Final Subnet Configuration

If testing proved successful, you may associate your clients subnet with the route table created during deployment.

Caution: These instructions are a simulation of the steps you will perform to go live in a production environment.

  • Click on the Route Table created by the solution template and associate it with your production subnet.
  • Click OK to finalize deployment of the IP Firewall.

Step 4. Updating firewall policy and settings

ThreatSTOP uses a proprietary mechanism to remotely configure and deploy updated settings a customer sets on our admin portal for their deployed devices. This allows our customers to use a friendly web interface to easily configure fleets of devices without ever having to log into & apply settings on the individual device.

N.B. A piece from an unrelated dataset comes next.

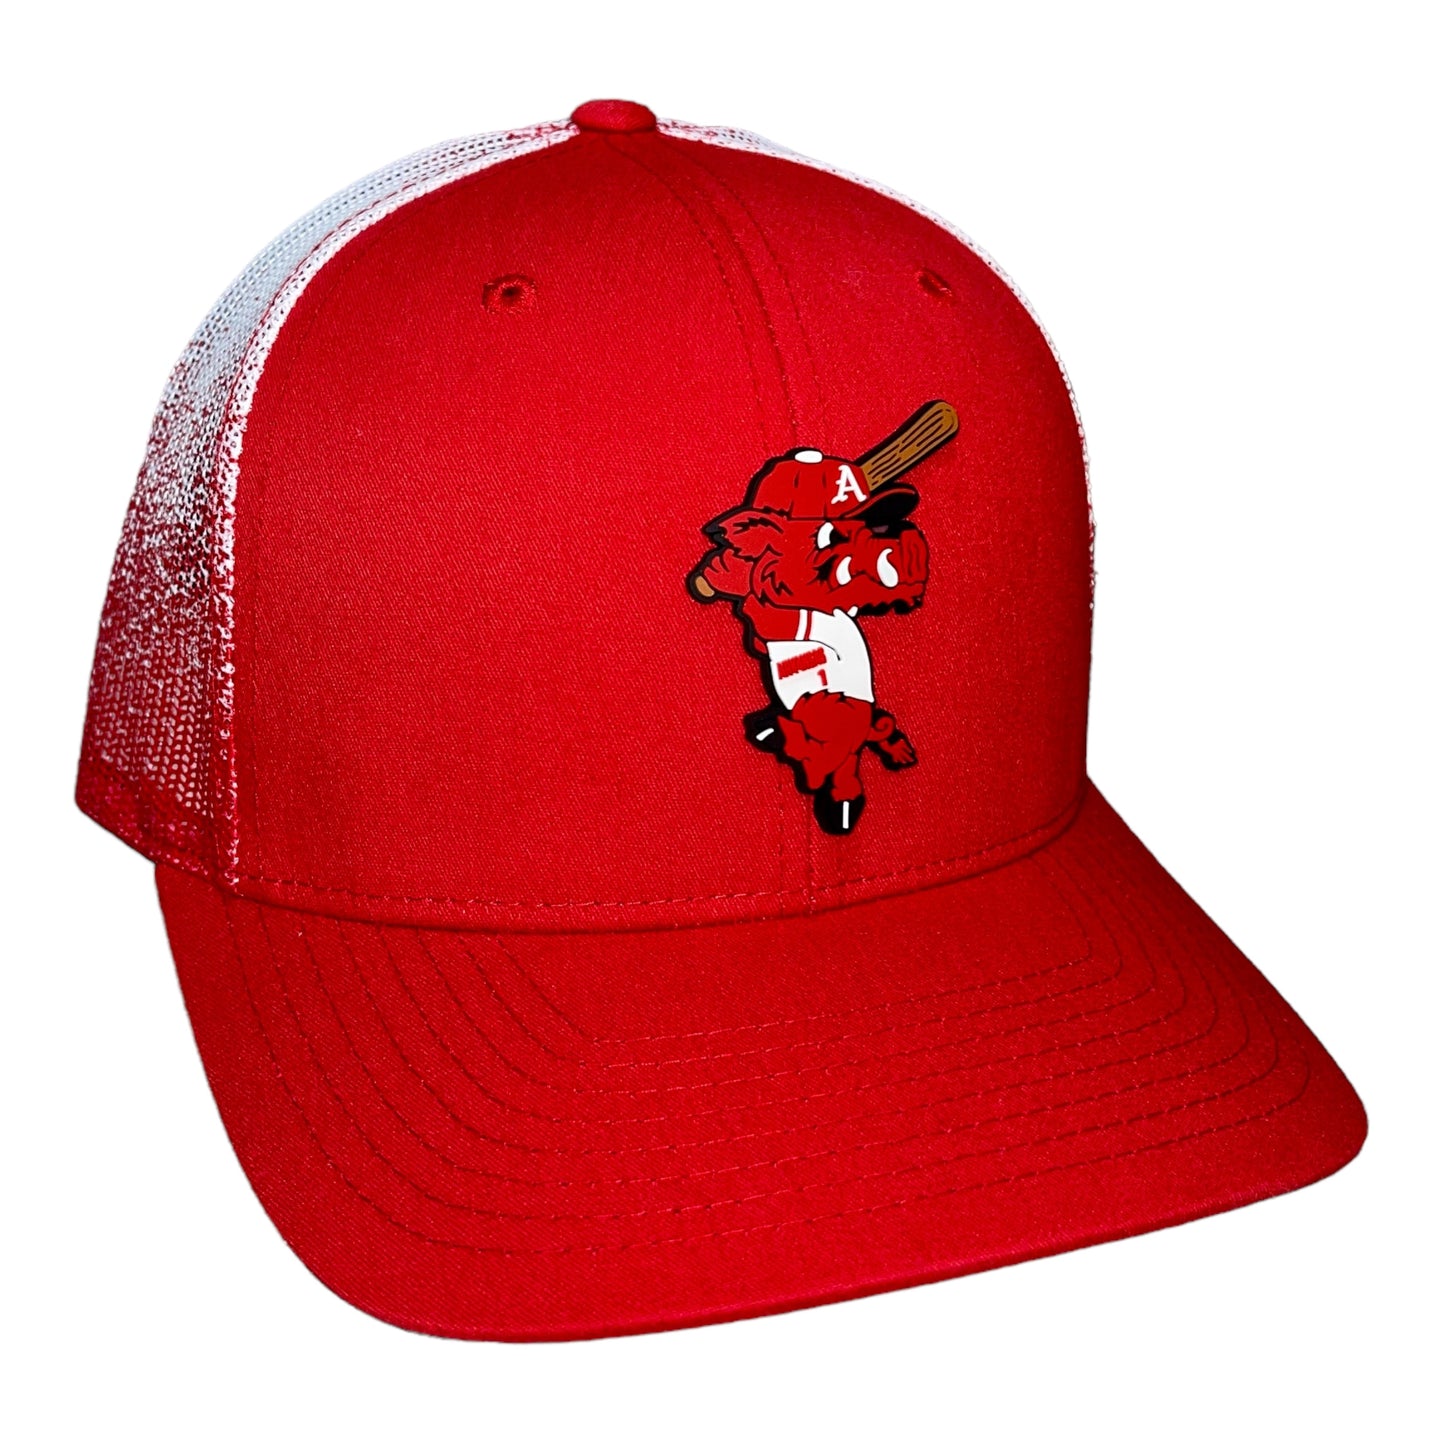 Arkansas Razorbacks Baseball Ribby at Bat 3D Snapback Trucker Hat- Red/ Red to White Fade

Your Azure Firewall is configured to take advantage of this functionality out of the box. Once the provisioning is completed and you’ve verified you have a working IP Firewall you can head over to the Admin Portal’s Devices list to edit the configuration of the newly provisioned virtual machine(s).

Troubleshooting

If your VM did not provision properly you can retry to provision the server by running the executable shell script in your root accounts home directory named “retry_tsadmin_add.sh”.

 # retry_tsadmin_add.sh should be in $PATH /usr/local/bin/retry_tsadmin_add.sh
admin@TSIPFirewall1:~$ retry_tsadmin_add.sh

Note: The API key can be found in your ThreatSTOP account, in one of two locations:

  • My Account: Generated keys will be listed at the bottom of the screen, or new keys can be created. For Azure keys, allow full permissions or deployment errors can occur.
  • Dashboard: Generated keys will appear at the bottom of the Dashboard.